Tips To Help You Achieve Your Property Investing Goals in 2015Many people will have set property investing goals for the new year and many will fail to achieve them. 

There is another group of people out there who do not set goals at all, because it is very easy to just live in the present – which is what most of us tend to do.

But whether you’re a new or seasoned property investor, these tips can help you set your goals for this year and ensure you don’t lose sight of them until they have been achieved.


Why have goals?

Setting yourself some smart goals can help to give you a long-term vision to work towards and simultaneously the short-term determination and drive that you will need to get there.

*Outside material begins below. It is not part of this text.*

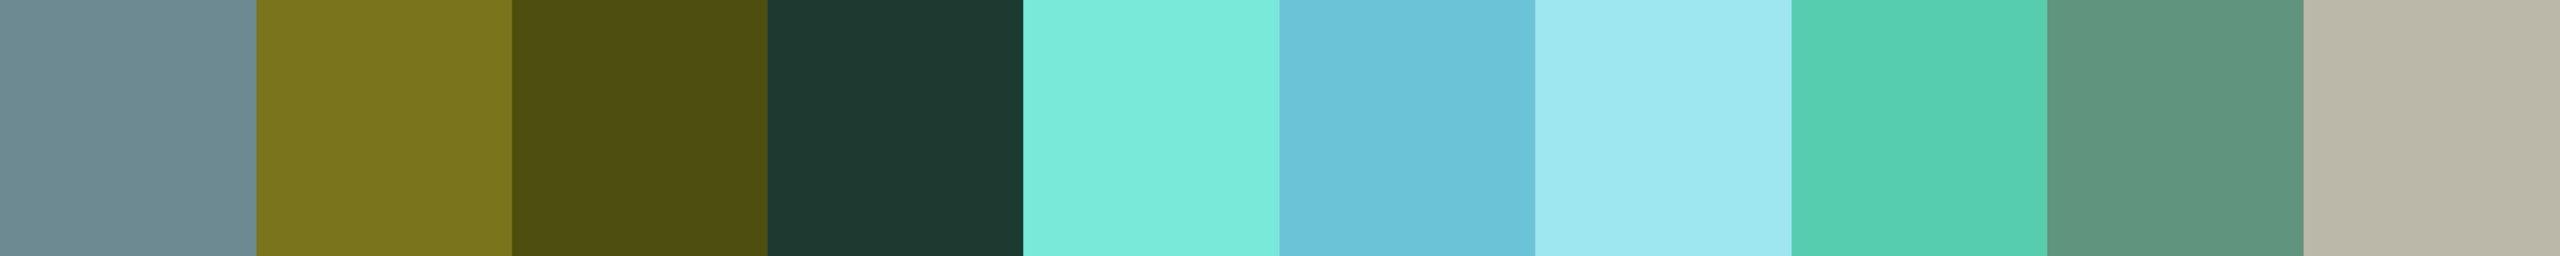 644 Gaelica Color Palette

Goals can help to combine your acquired knowledge and experience and provide the focus that you will need to make the very most of your property investing journey and achieve long term and sustainable wealth.

By setting clearly defined goals which you can measure and take pride in, you will be able to monitor your progress, raise your confidence and recognise the achievements you are making. 

1. Set SMART Goals

A useful way of making goals more powerful is to make them SMART, which stands for:

  • S – Specific 
  • M – Measurable
  • A – Attainable 
  • R – Relevant 
  • T – Time-bound 

For example, instead of having “I will grow my property portfolio” as a goal, it’s more powerful to say

To have added at least one property to my portfolio by December 31, 2015, which I will purchase at a price at least 10% below the fair market value.”

Make sure with every SMART goal you set, you have a clear and convincing answer of why you want to achieve it. This answer can be your anchor, motivation and help you stay on track if and when things become difficult.

When you set this answer, make sure you then realise the benefits and outcomes that you can achieve when you tick off the goals. 

For example if you achieve the example goal stated above, it can bring you many more ancillary benefits, including creating instant equity to help fund future additions to your portfolio, potential future capital gains, helping to you create long term and sustainable wealth. 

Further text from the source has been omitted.